## How to complete this task
All of the data that follows is to be printed exactly, without pictures.

## Data section
--
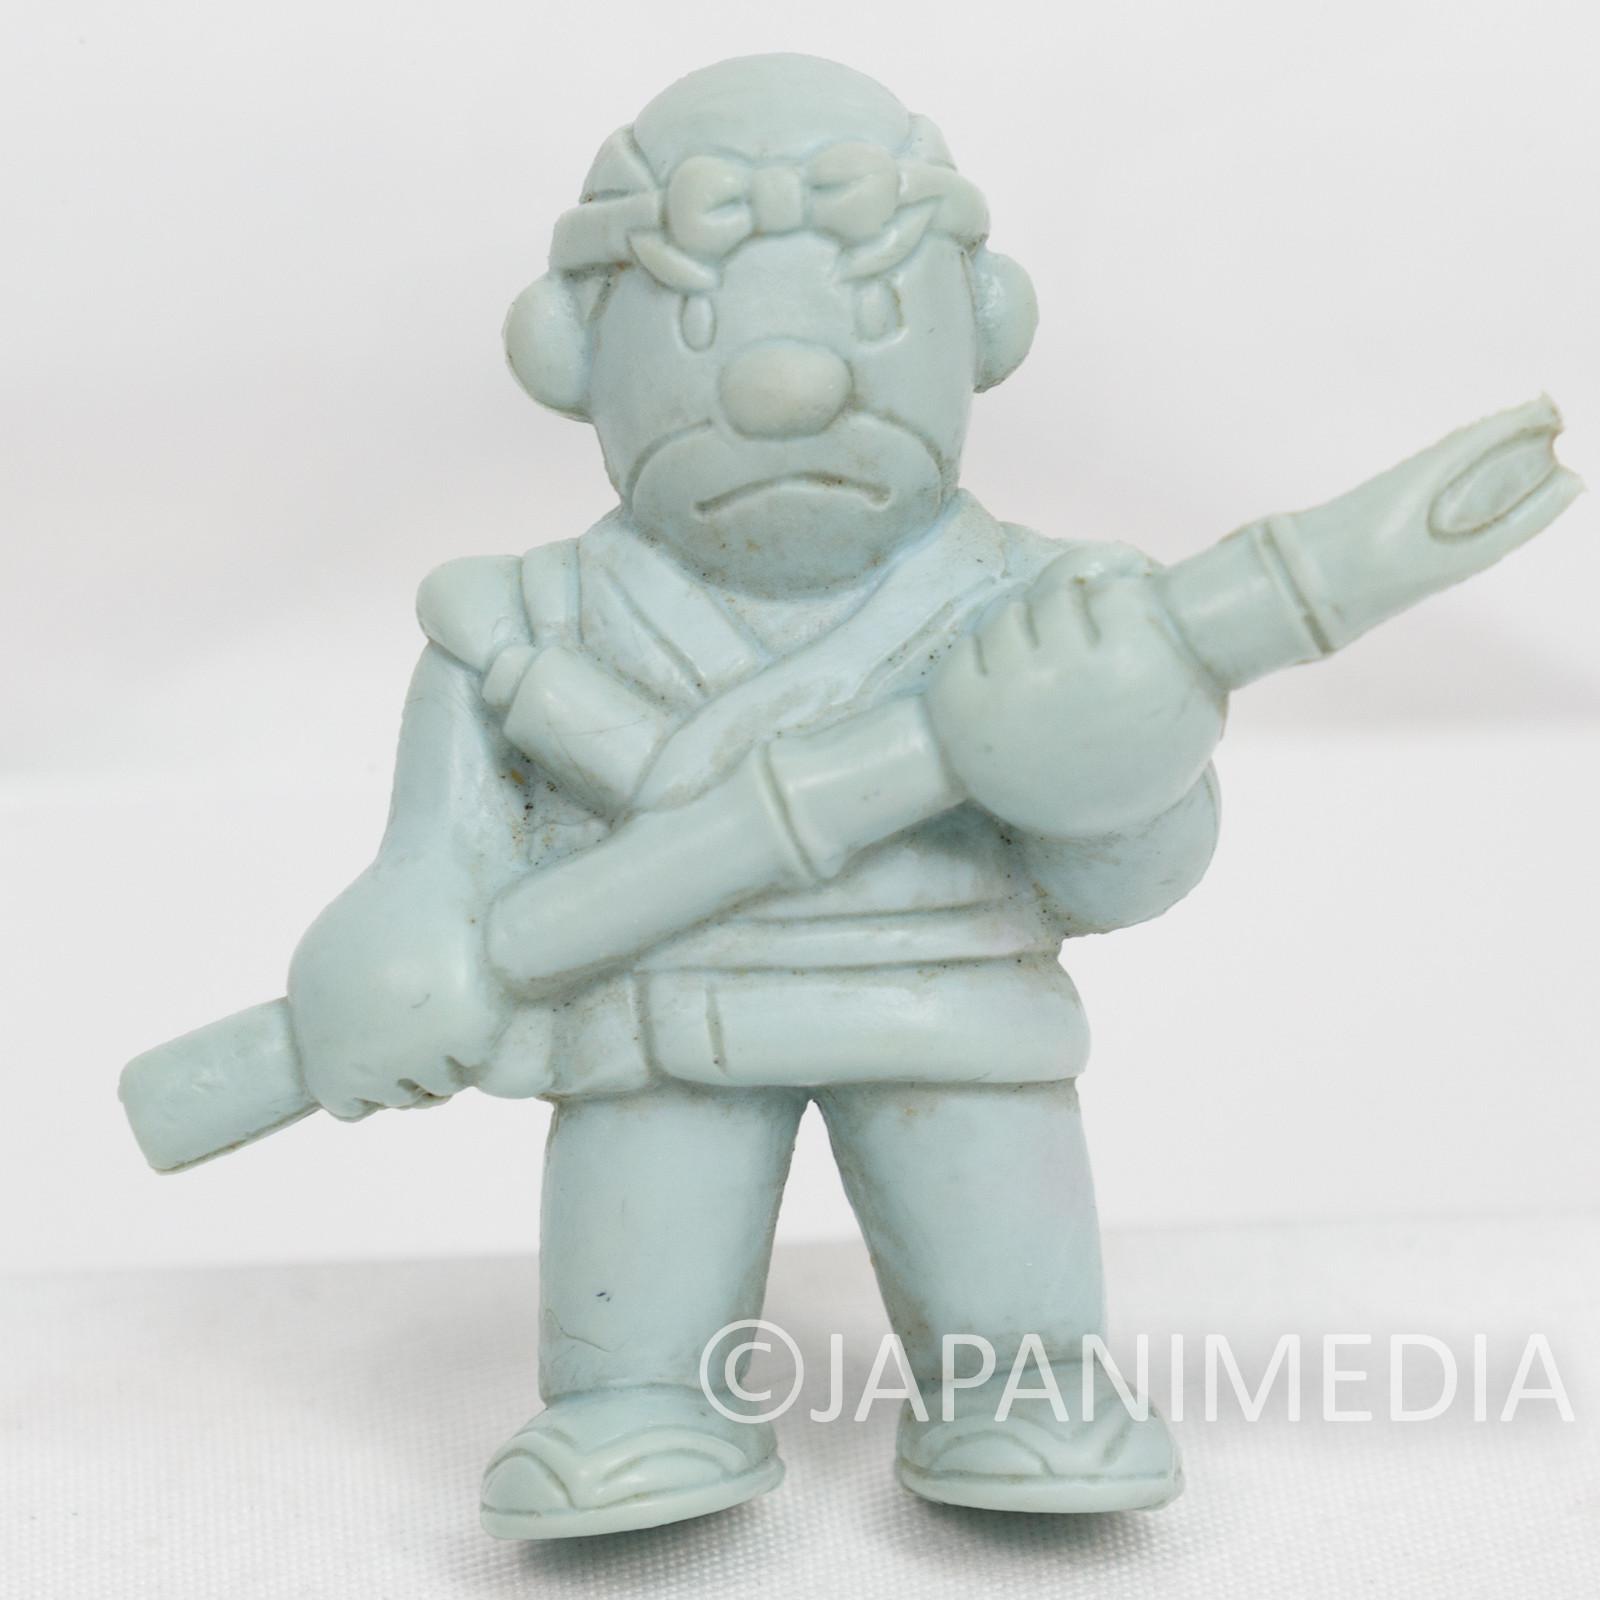 Retro RARE! Ikki Gonbe Rubber Figure Model Kit JAPAN NES FAMICOM
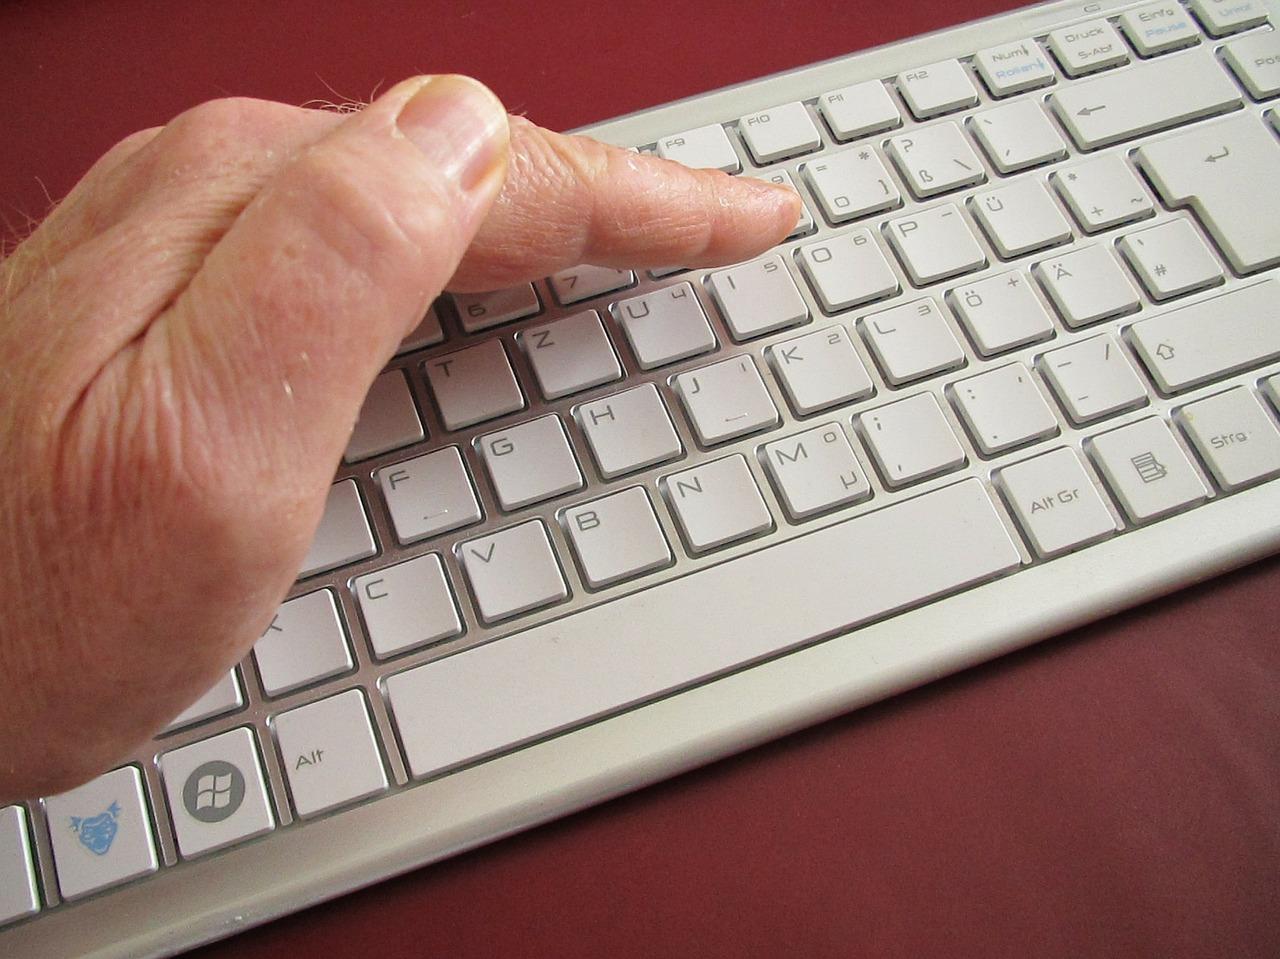 keyboard-142332_1280
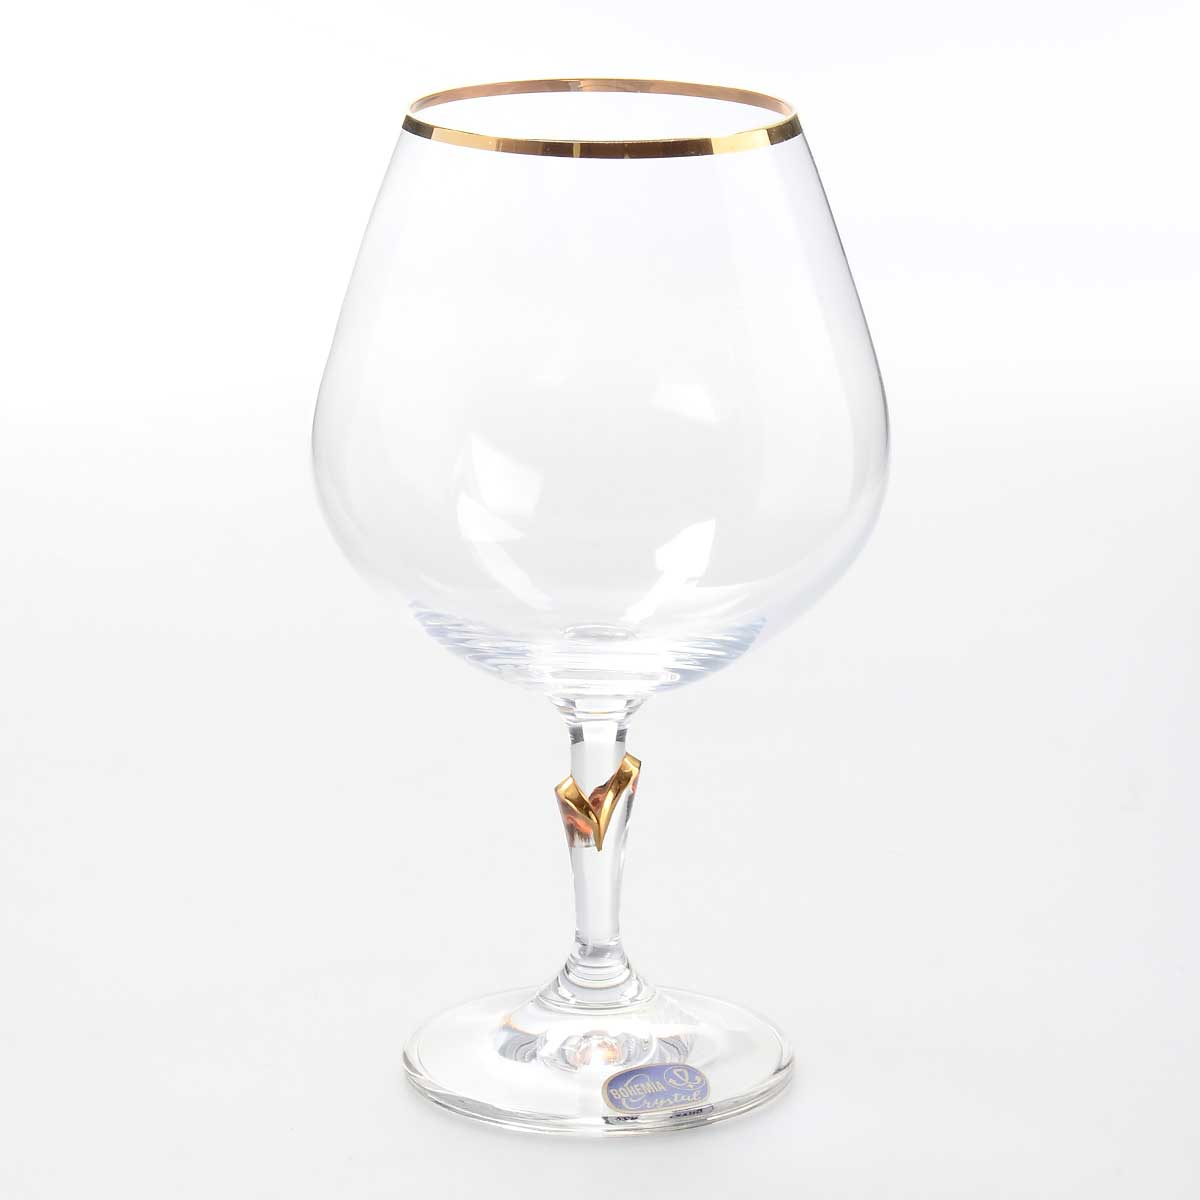 Набор бокалов для бренди Lilly Crystalex Bohemia 400 мл (6 шт)
--
## Task output
 Retro RARE! Ikki Gonbe Rubber Figure Model Kit JAPAN NES FAMICOM
 keyboard-142332_1280
 Набор бокалов для бренди Lilly Crystalex Bohemia 400 мл (6 шт)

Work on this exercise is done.